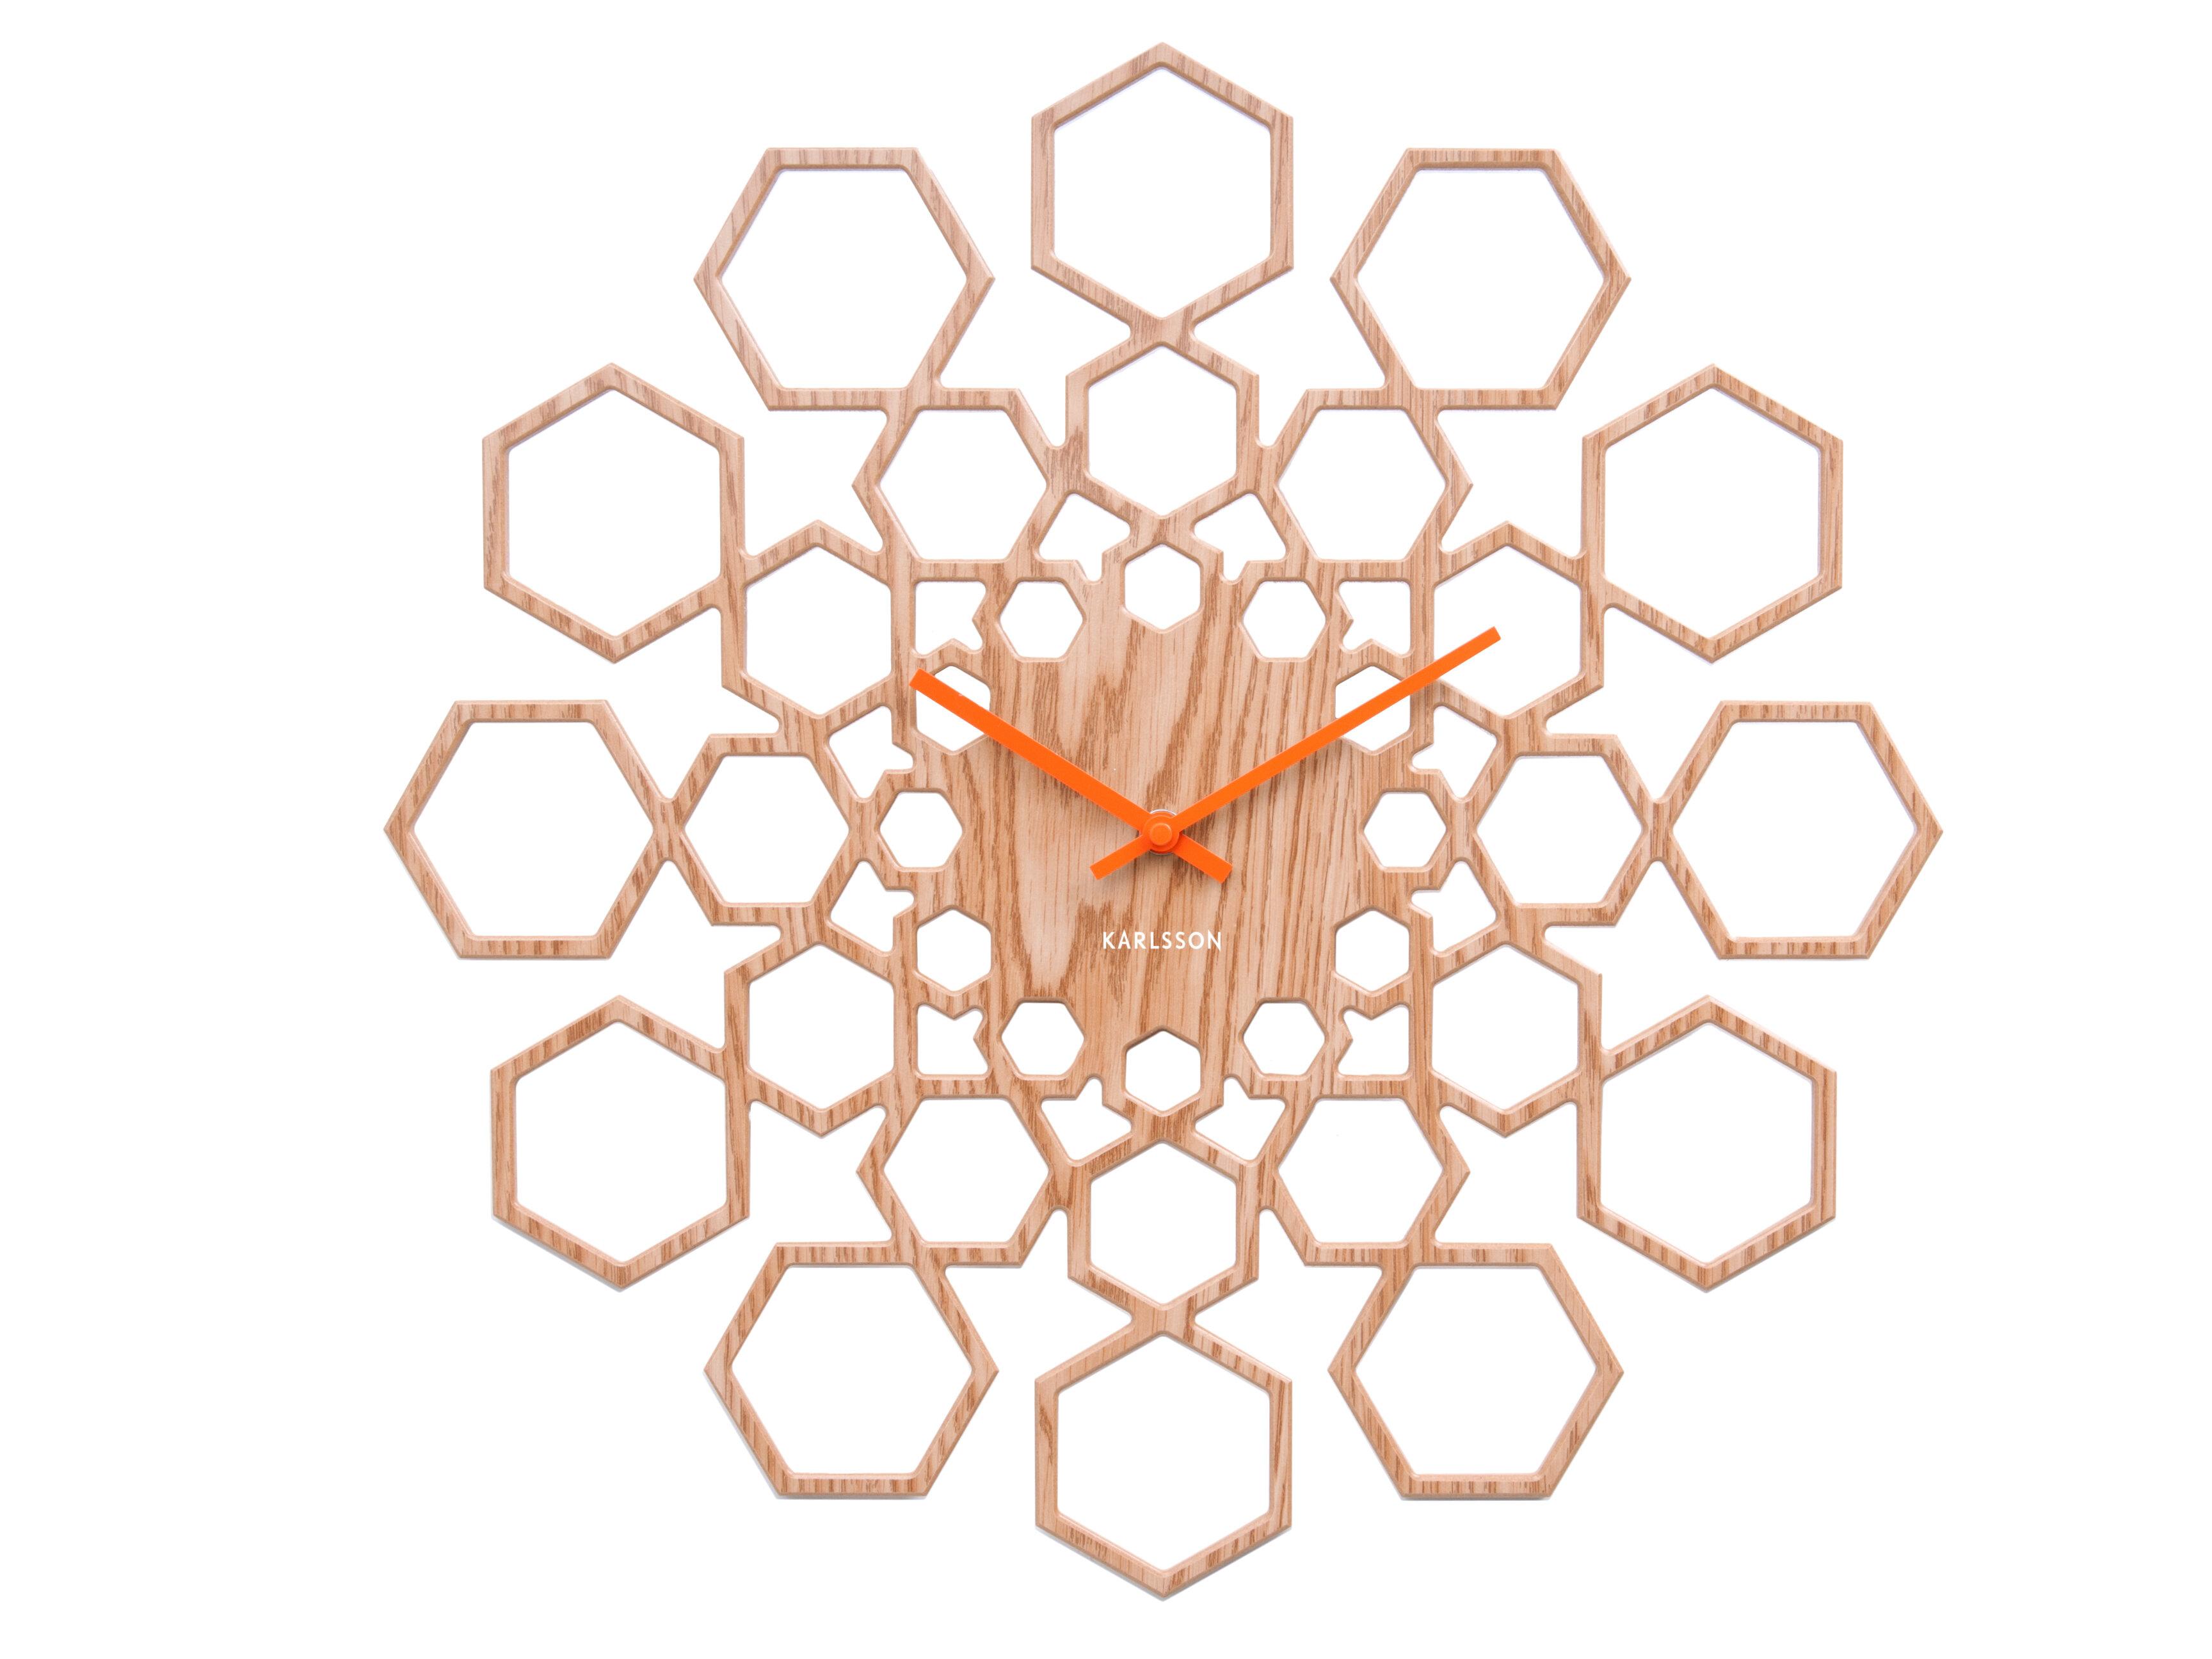 Karlsson Design Wall Clocks KA5639WD
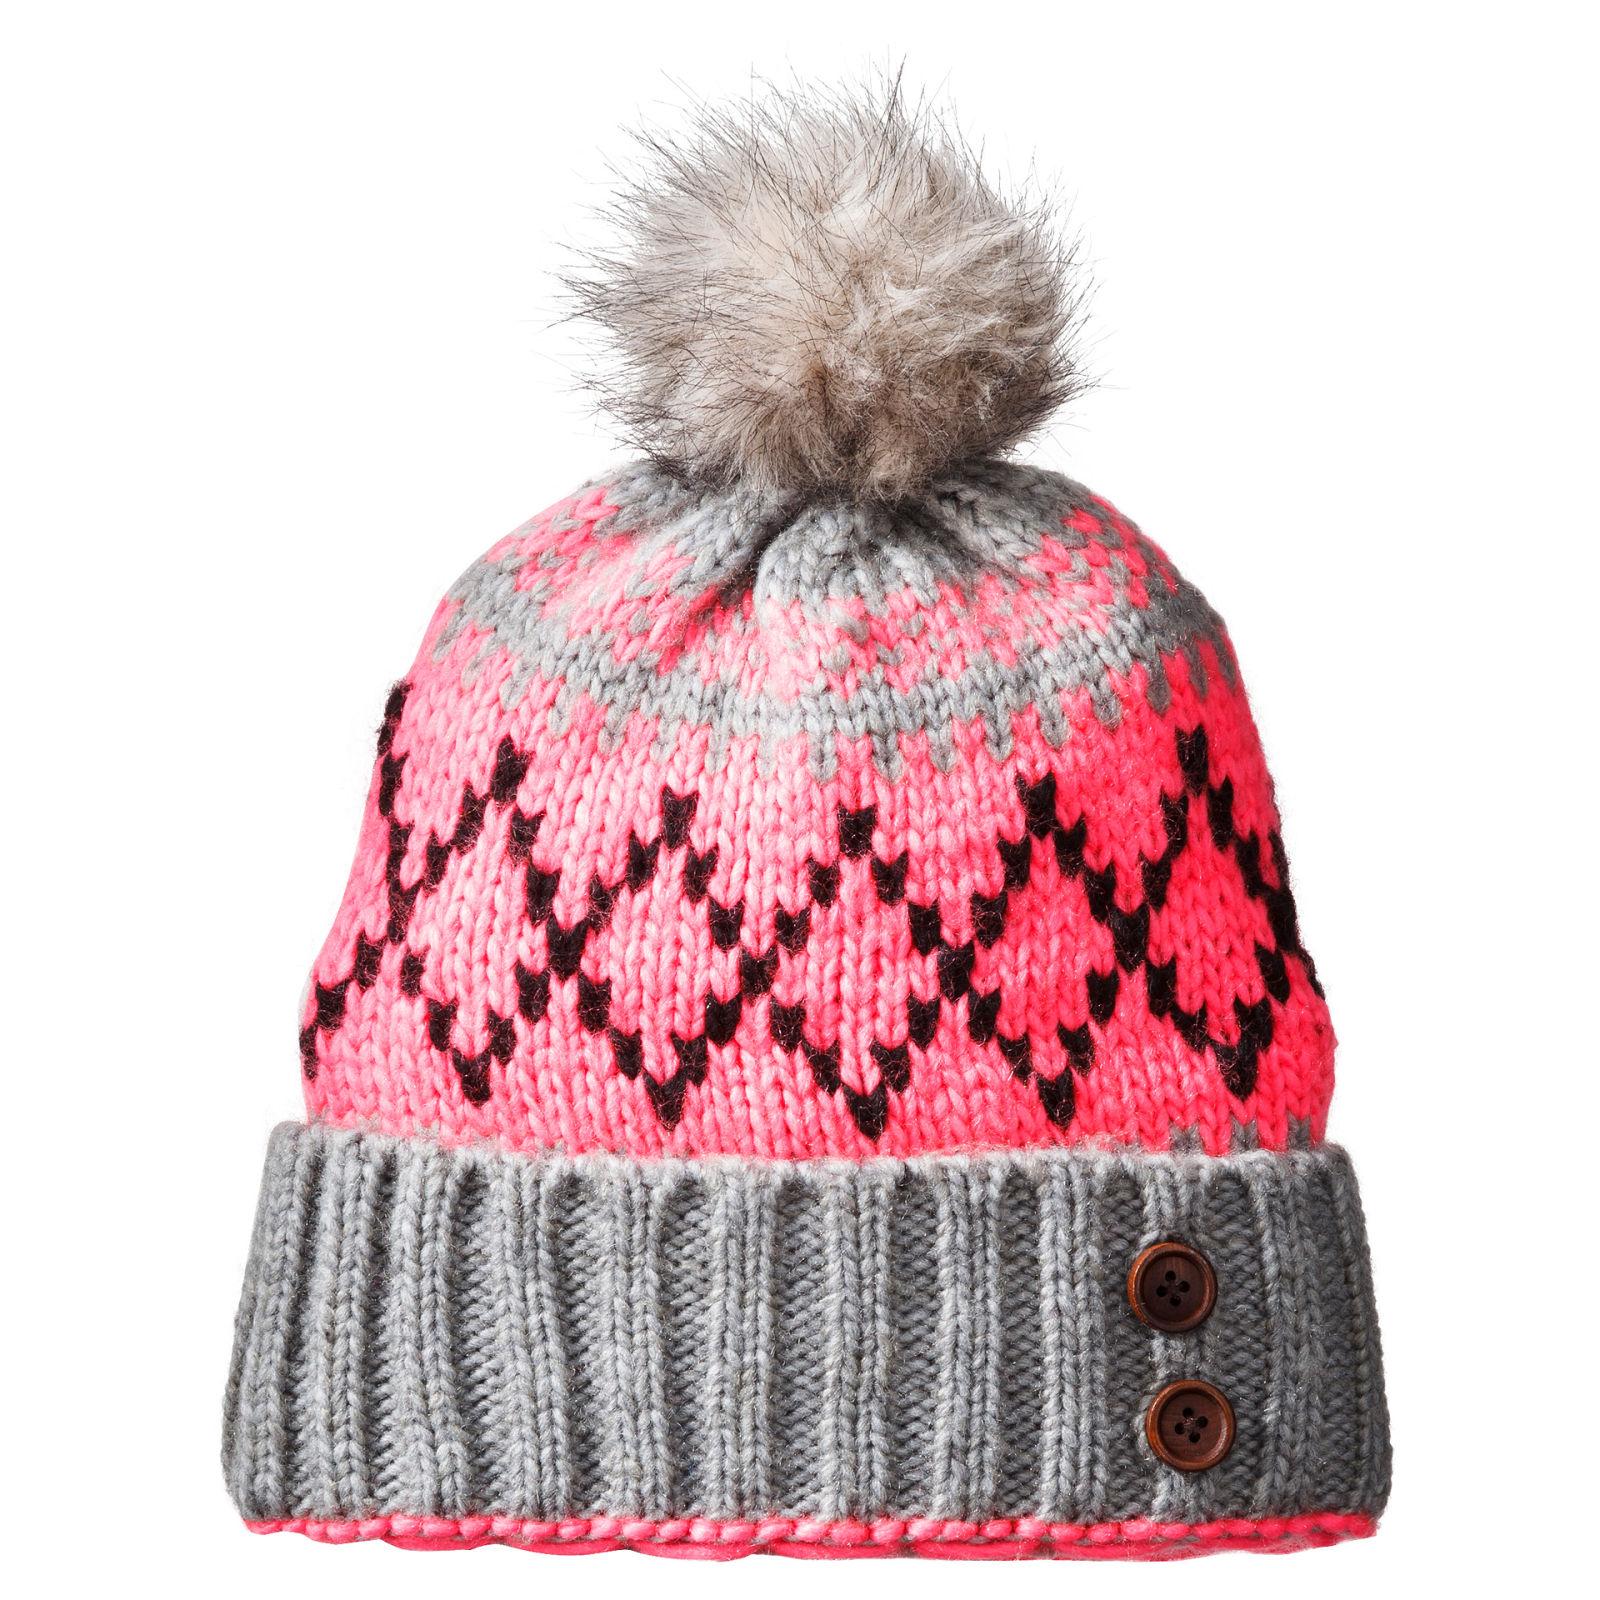 winter hats for women stylish winter hats. Black Bedroom Furniture Sets. Home Design Ideas
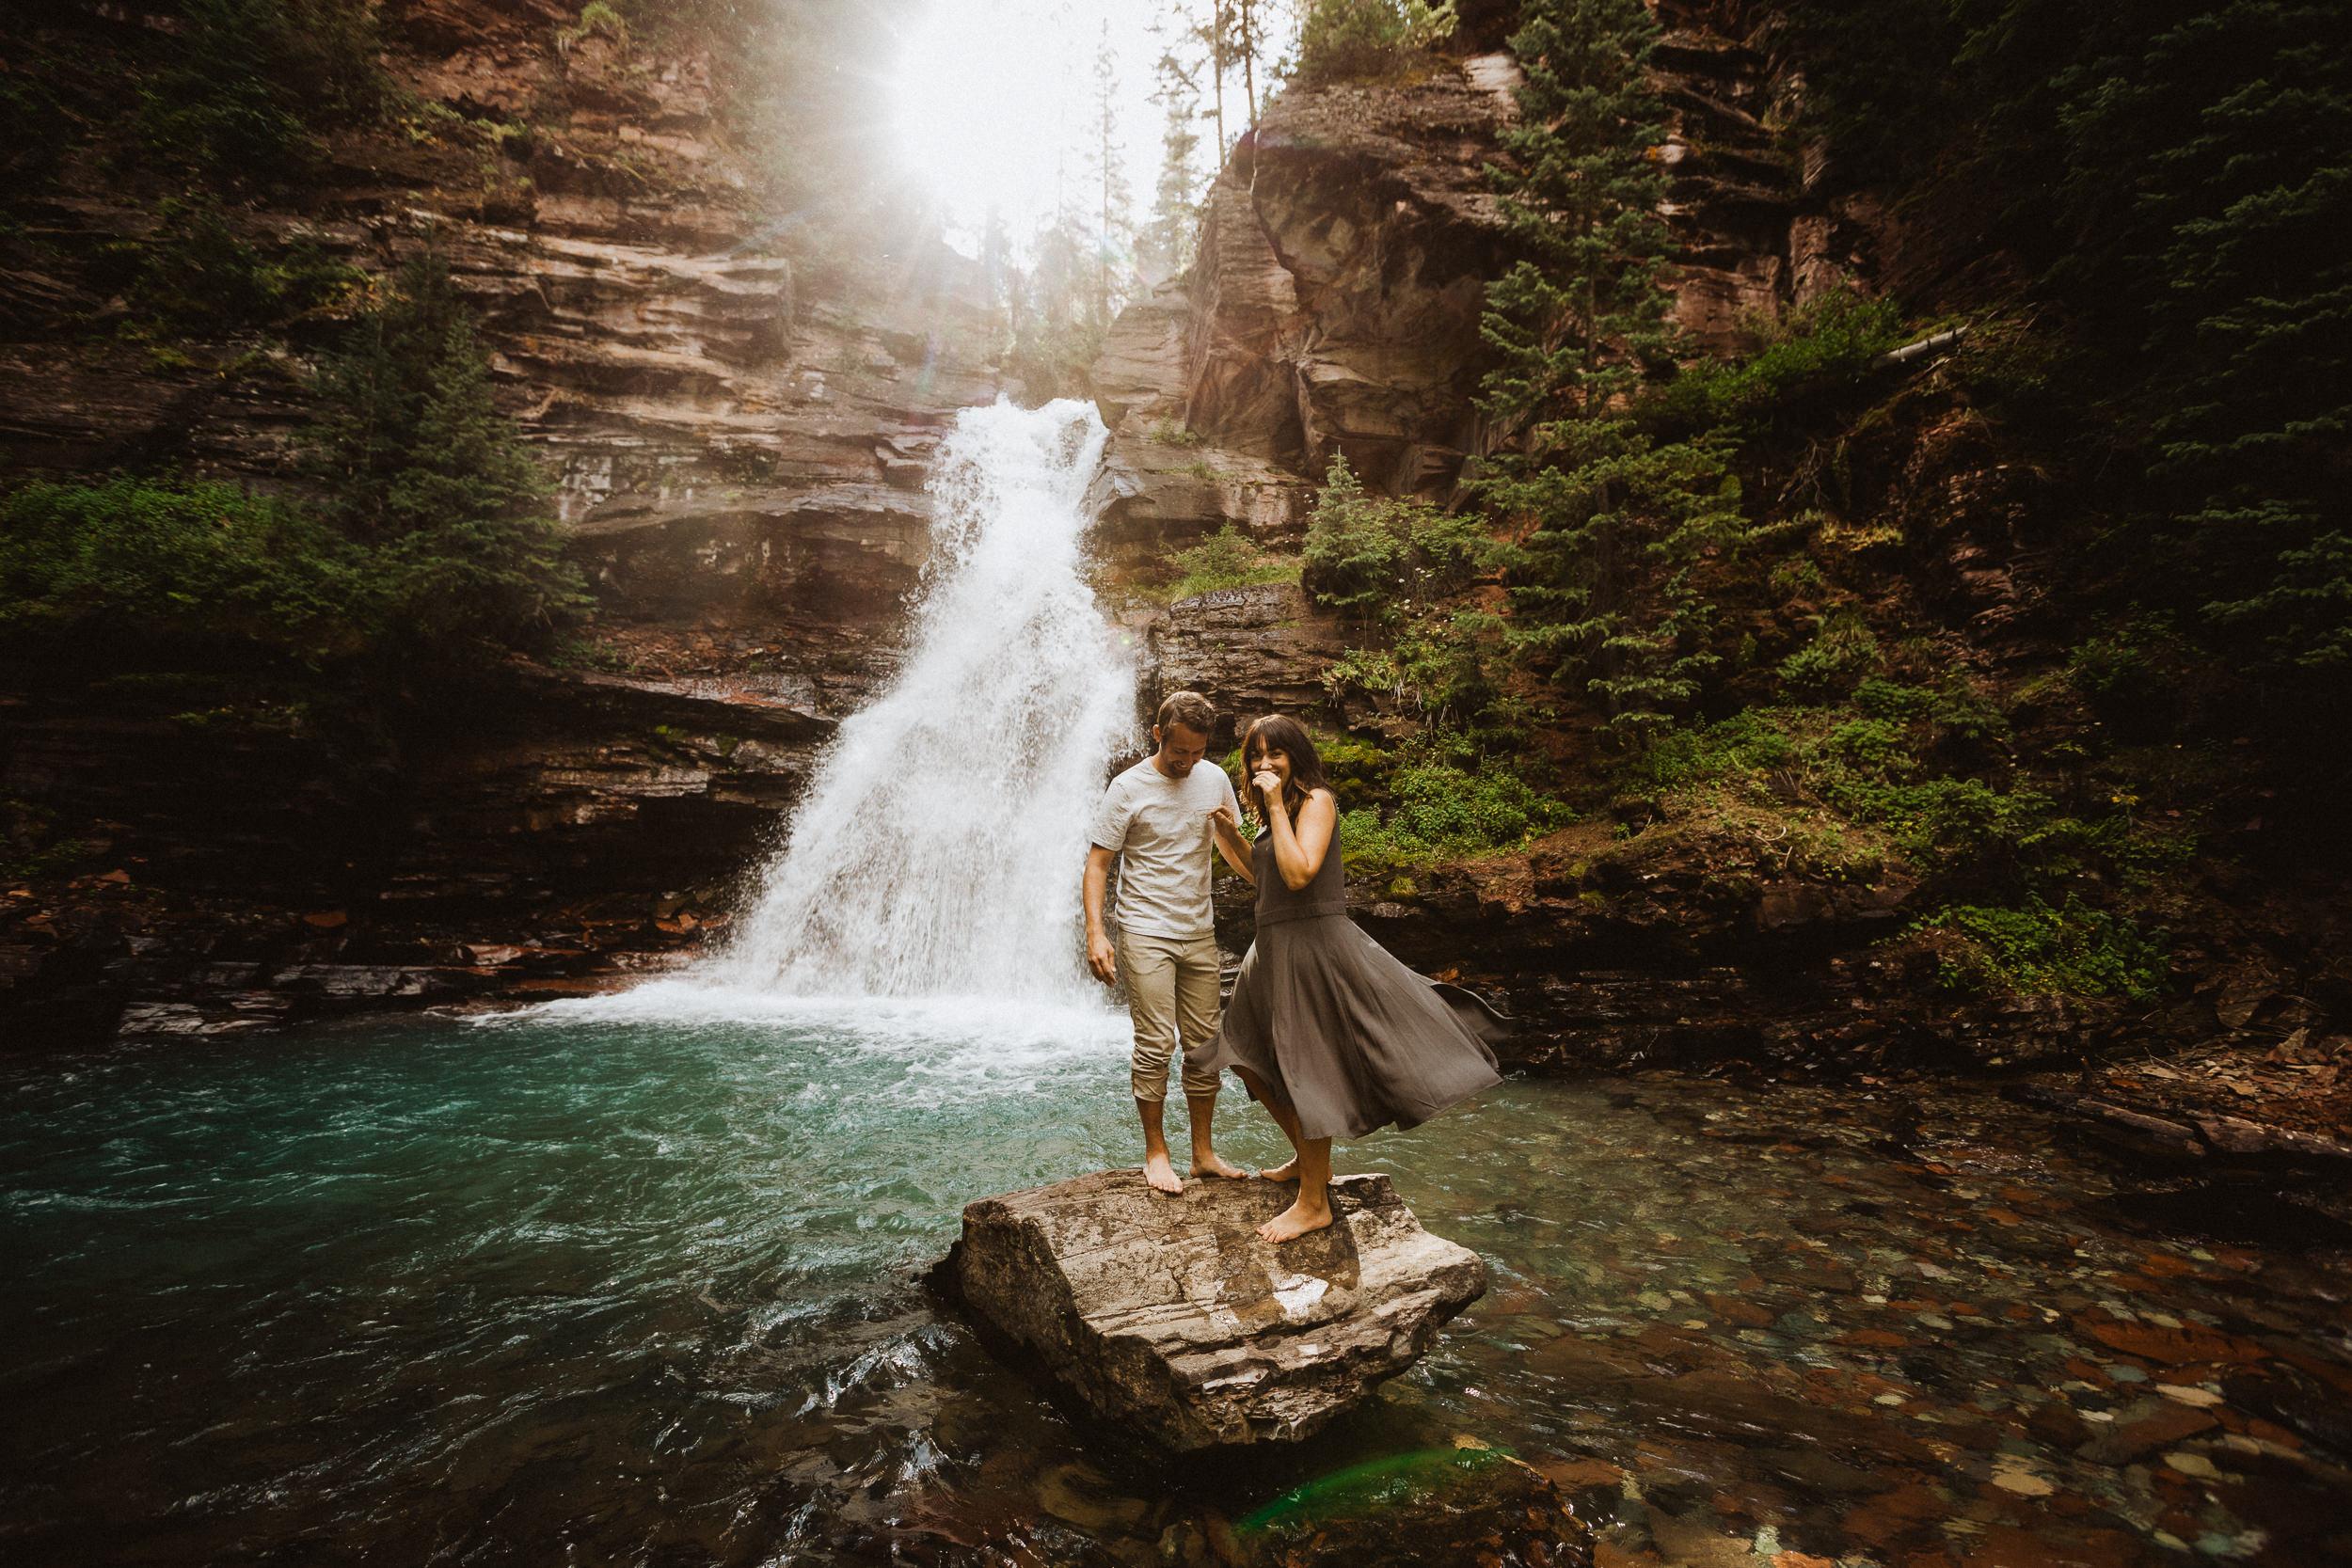 Waterfall in Silverton, Colorado

### PROBLEM TO SOLVE
Repeat the full listing above exactly, with no pictures in the copy.

### OUTPUT FOR THIS TASK
 Karlsson Design Wall Clocks KA5639WD
 winter hats for women stylish winter hats. Black Bedroom Furniture Sets. Home Design Ideas
 Waterfall in Silverton, Colorado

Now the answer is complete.